A function execution log contains the service name, function name, the current function version, alias, and code logs.

For example, the data structure of a function execution log is as follows:

__tag__:__receive_time__:  1584072413
__topic__:  myService
functionName:  myFunction
message:  2020-03-13T04:06:49.099Z f84a9f4f-2dfb-41b0-9d6c-1682a2f3a650 [INFO] hello world
qualifier:  LATEST
serviceName:  myService
  • When the execution of a function starts, the system prints FC Invoke Start RequestId: f84a9f4f-2dfb-41b0-9d6c-1682a2f3a650, indicating that function execution starts.
  • When the execution of a function is completed, the system prints FC Invoke End RequestId: f84a9f4f-2dfb-41b0-9d6c-1682a2f3a650, indicating that function execution ends.

Handle errors

Errors in Function Compute are classified into HandledInvocationError and UnhandledInvocationError.

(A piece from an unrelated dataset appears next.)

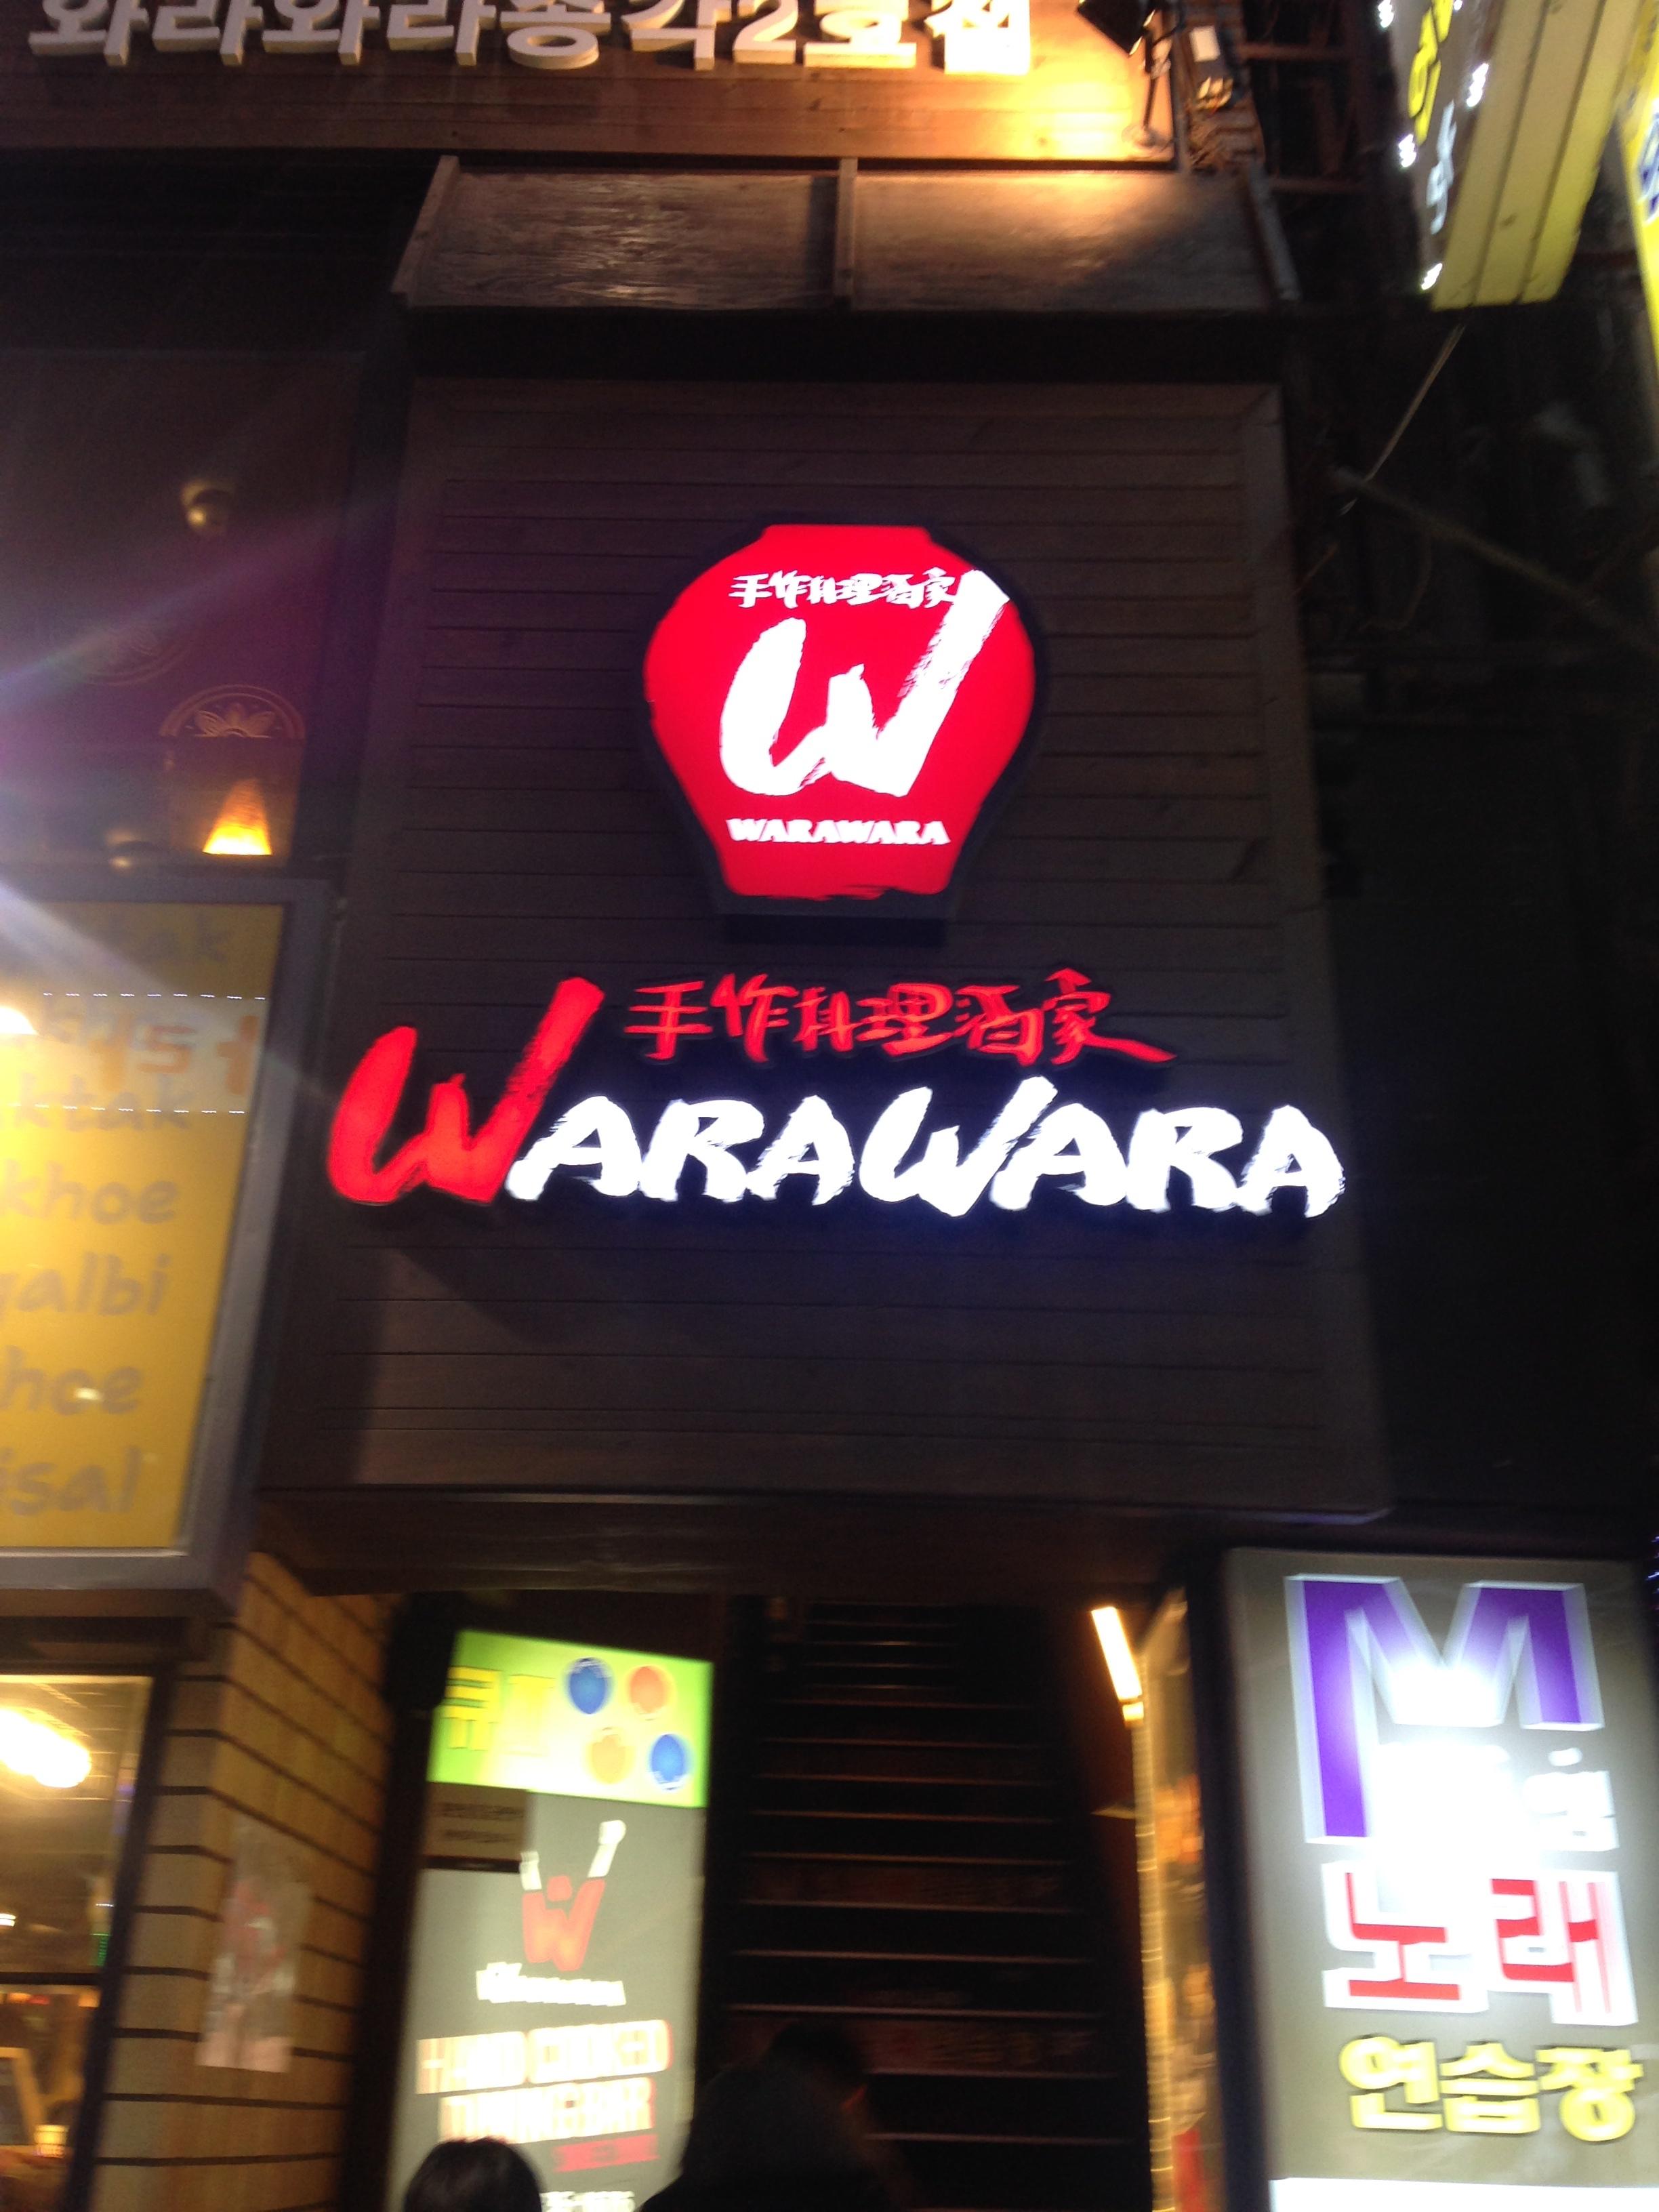 restaurace WaraWara v Gangnam street, velice oblíbená

  • HandledInvocationError

    Only the errors returned by callback in Node.js functions are of the HandledInvocationError type. Error information is contained in responses.

    'use strict';
      module.exports.handler = function(event, context, callback) {
        console.log('hello world');
        callback('this is error', 'hello world');

    For example, the following information shows a response that contains error information.

    {"errorMessage":"this is error"}          
  • UnhandledInvocationError

    All function errors are of the UnhandledInvocationError type except those of the HandledInvocationError type.

    The stackTrace property of an UnhandledInvocationError error is printed in logs. You can view the logs to find the corresponding StackTrace based on the context.